В самый первый раз, когда меня взяли на «Парамаунт», я даже не обратила внимания на знаменитые кованые ворота, я была слишком взволнована. Наш важный американский режиссер собирался сделать мою фотографию! Сначала мне вымыли голову, и парикмахерша Нелли сделала мне прическу, потом появилось не платье, а мечта: из органди в цветочек с рукавами фонариком. Я забеспокоилась было: мне казалось, у меня на фотографии будут слишком толстые руки, но решила довериться мистеру фон Штернбергу, он должен был что-нибудь придумать. Моя мать облачилась в черный вельвет, с единственным украшением: скромным воротничком из венецианского кружева. Фон Штернберг сотворил свой первый портрет Вечной Мадонны: женщина, от которой исходило сияние, держала на коленях дивное дитя. Результат так очаровал мою мать, что она заказала несколько дюжин фотографий и разослала их всем друзьям и знакомым. Осчастливленный Штернберг наконец-то получил прощение.

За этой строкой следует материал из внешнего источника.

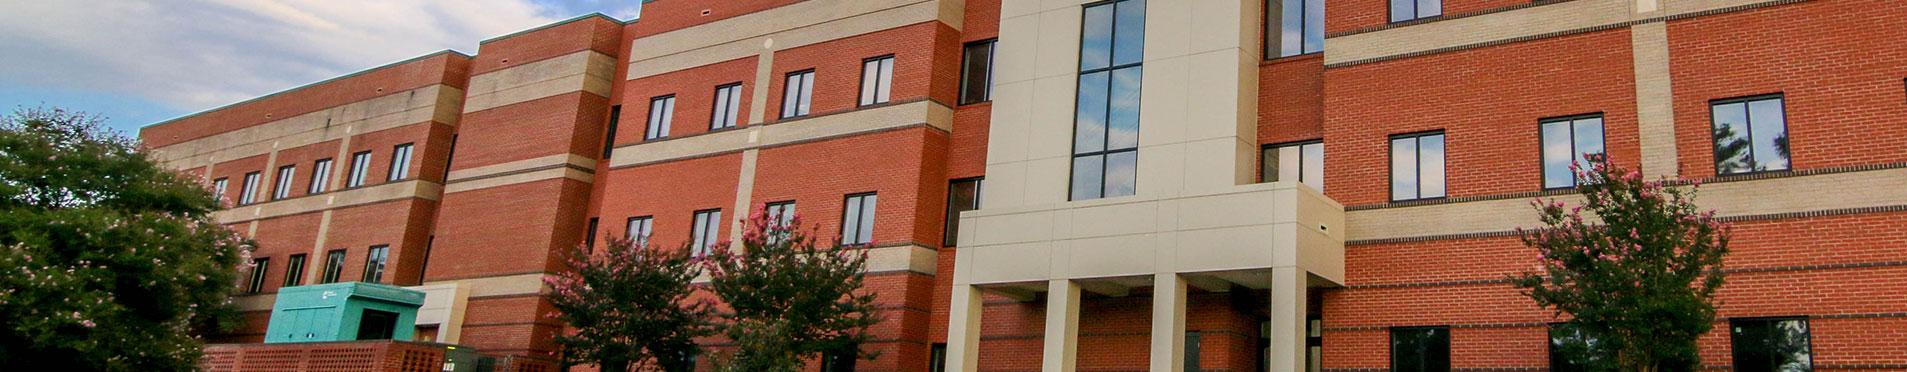 Bldg C Banner  | SD Clifton Construction

Студийные боссы, поначалу так противящиеся новому имиджу актрисы-матери, тоже остались довольны. Они сообразили, что им достался приз: теперь с именем Дитрих связывались не только «сексуальность», «загадка», «европейская утонченность» и непревзойденные ноги, но еще и «ореол Мадонны». Пусть на «МГМ» кусают себе локти! Грете Гарбо не удастся второпях раздобыть себе ребенка! Рекламный отдел получил распоряжение напечатать несколько тысяч почтовых открыток «Дитрих с ребенком» — для утоления жажды поклонников. К распоряжению прилагалась памятка: обрезать негативы, чтобы я получалась по пояс. Поскольку фон Штернберг снимал только наши лица, отделу реклам нечего было беспокоиться. Еще много лет на официальных портретах меня не снимали во весь рост. В случаях, когда это было абсолютно необходимо, меня снимали сверху, чтобы тело выходило покороче. Такое решение удовлетворяло как «Парамаунт», так и мою мать. Так я дольше оставалась «маленькой девочкой». Сохранились мои фотографии в десятилетнем возрасте, где мне никто не дал бы больше шести-семи.
За одну ночь материнство стало голливудской модой даже для «роковых женщин», а ребенок — непременным аксессуаром. Агентства по усыновлению завалили заказы на «миловидных маленьких девочек». На мальчиков спроса не было. Моя мать торжествовала, фон Штернберг вздохнул с облегчением, довольный, что наконец-то угодил ей. На «Парамаунте» ликовали. Круг продаж для их главной звезды расширился, теперь можно было бы привлечь и зажиточную публику «Библейского пояса»[3] — той части страны, что до сих пор была недоступна для Голливуда.